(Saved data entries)
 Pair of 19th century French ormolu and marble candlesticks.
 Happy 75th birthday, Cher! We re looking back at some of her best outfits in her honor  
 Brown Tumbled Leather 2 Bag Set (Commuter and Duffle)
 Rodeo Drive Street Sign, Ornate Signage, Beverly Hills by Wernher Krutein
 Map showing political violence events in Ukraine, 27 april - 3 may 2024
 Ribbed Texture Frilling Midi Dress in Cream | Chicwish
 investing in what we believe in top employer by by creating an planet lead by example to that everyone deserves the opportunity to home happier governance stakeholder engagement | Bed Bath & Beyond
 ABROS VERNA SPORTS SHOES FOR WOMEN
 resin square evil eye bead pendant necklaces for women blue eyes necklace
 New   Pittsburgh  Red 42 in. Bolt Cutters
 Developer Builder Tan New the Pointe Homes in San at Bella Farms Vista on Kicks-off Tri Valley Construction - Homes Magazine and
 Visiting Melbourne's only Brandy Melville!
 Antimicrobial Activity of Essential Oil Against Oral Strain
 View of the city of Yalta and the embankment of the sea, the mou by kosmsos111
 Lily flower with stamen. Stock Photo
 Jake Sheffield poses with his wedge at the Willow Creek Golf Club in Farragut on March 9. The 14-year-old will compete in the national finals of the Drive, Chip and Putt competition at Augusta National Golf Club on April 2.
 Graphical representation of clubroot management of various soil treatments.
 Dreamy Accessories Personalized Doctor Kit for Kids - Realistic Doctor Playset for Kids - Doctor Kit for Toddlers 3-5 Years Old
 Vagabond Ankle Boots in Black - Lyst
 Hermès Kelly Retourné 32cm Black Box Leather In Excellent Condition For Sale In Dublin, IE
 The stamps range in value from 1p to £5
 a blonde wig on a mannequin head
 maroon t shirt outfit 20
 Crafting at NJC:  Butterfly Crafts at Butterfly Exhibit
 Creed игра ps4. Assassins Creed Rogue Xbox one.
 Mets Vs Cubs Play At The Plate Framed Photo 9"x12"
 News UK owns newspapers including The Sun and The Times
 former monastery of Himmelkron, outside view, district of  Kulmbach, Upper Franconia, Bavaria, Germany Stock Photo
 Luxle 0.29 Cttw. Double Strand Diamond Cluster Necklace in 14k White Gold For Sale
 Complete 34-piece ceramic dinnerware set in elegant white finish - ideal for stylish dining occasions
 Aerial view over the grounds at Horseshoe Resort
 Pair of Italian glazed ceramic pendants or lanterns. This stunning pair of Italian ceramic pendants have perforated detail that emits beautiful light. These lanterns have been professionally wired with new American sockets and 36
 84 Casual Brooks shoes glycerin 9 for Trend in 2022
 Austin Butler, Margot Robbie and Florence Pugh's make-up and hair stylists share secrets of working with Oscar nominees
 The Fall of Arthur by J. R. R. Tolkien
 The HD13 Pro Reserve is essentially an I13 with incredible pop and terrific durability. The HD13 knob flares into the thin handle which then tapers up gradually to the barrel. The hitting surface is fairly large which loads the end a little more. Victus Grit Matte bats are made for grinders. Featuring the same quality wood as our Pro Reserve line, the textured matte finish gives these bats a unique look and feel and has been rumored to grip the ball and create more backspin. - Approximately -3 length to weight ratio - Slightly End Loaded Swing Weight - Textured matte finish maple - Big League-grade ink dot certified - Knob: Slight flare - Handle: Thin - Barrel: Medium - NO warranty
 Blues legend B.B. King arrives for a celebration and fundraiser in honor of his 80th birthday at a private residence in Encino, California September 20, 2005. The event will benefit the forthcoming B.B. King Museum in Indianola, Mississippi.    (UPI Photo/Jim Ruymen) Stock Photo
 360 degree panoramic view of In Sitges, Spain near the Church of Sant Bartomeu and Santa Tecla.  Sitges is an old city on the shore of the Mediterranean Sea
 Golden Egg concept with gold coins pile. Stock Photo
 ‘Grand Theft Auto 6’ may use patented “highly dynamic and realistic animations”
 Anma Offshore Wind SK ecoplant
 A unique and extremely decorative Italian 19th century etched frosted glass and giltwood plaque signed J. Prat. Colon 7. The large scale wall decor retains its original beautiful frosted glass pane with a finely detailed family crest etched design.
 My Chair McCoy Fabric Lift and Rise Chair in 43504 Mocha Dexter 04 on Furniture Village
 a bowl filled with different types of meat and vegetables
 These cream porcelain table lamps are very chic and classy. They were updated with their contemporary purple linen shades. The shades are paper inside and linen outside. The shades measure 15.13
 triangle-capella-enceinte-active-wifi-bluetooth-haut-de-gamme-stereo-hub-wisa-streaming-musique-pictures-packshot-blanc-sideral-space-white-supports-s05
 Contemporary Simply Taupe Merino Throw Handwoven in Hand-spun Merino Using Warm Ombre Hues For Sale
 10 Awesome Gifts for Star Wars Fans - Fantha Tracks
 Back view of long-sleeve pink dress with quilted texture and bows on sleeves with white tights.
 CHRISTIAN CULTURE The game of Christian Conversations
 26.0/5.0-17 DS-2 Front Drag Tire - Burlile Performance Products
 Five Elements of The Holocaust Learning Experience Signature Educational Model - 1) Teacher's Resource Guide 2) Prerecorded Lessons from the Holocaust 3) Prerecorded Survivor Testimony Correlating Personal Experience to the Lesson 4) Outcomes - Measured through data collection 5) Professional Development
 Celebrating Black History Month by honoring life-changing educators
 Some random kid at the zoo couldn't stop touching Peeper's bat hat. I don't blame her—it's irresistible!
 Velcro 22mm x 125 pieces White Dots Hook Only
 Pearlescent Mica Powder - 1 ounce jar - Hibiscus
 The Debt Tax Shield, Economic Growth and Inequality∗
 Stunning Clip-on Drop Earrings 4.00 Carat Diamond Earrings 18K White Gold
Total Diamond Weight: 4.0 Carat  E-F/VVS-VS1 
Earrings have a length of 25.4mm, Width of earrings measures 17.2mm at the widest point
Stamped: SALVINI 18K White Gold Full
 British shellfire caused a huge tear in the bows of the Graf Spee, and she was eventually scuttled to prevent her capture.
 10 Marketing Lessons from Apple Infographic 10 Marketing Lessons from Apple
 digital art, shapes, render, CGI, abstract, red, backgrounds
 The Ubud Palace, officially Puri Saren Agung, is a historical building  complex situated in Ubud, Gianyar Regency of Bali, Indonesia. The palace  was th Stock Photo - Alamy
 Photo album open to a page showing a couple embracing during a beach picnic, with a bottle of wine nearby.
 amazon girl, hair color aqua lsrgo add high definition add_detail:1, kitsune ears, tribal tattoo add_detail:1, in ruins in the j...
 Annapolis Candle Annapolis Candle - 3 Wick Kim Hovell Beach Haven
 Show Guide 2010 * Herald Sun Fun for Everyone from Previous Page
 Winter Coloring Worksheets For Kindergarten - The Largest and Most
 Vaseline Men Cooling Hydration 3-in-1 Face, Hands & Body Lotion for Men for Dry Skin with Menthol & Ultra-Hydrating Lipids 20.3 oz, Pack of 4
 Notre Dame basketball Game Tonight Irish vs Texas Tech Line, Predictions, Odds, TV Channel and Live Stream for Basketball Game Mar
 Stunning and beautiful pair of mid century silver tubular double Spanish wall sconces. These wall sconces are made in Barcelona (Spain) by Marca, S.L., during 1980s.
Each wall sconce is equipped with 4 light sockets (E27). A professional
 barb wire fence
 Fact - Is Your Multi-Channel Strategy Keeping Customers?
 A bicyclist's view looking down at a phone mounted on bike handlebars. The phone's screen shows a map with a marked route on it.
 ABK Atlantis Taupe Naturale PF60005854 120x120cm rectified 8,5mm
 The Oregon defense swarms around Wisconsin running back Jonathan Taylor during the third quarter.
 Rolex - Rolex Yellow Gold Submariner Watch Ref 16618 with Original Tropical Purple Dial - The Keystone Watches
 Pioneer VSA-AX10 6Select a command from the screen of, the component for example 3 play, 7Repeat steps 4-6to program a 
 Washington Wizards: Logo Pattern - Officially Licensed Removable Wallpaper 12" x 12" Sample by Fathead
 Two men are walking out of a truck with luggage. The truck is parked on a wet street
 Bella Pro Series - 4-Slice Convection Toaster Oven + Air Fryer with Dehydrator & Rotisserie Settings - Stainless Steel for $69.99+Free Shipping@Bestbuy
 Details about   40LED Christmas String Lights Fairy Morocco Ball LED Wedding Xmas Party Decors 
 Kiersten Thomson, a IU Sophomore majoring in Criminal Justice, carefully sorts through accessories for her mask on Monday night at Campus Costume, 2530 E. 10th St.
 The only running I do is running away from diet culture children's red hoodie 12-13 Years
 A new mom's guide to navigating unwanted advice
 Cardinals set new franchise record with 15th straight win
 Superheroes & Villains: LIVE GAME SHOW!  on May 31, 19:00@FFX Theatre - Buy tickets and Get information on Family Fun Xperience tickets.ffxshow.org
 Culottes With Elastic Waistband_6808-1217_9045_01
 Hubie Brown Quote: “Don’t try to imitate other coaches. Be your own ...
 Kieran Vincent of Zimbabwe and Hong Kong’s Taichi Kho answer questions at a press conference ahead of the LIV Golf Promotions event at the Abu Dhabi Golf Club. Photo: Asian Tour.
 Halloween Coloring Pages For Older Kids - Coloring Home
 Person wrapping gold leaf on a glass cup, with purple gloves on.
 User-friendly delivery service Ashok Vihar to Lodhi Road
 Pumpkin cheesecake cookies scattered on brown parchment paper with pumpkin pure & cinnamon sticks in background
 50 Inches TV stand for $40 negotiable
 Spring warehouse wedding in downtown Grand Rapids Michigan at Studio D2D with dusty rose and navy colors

**EXERCISE OBJECTIVE:** Nothing but the lines from the top of the records down to the line with "Ribbed Texture Frilling" belongs in the answer; repeat them exactly.

**FINISHED EXERCISE:**
 Pair of 19th century French ormolu and marble candlesticks.
 Happy 75th birthday, Cher! We re looking back at some of her best outfits in her honor  
 Brown Tumbled Leather 2 Bag Set (Commuter and Duffle)
 Rodeo Drive Street Sign, Ornate Signage, Beverly Hills by Wernher Krutein
 Map showing political violence events in Ukraine, 27 april - 3 may 2024
 Ribbed Texture Frilling Midi Dress in Cream | Chicwish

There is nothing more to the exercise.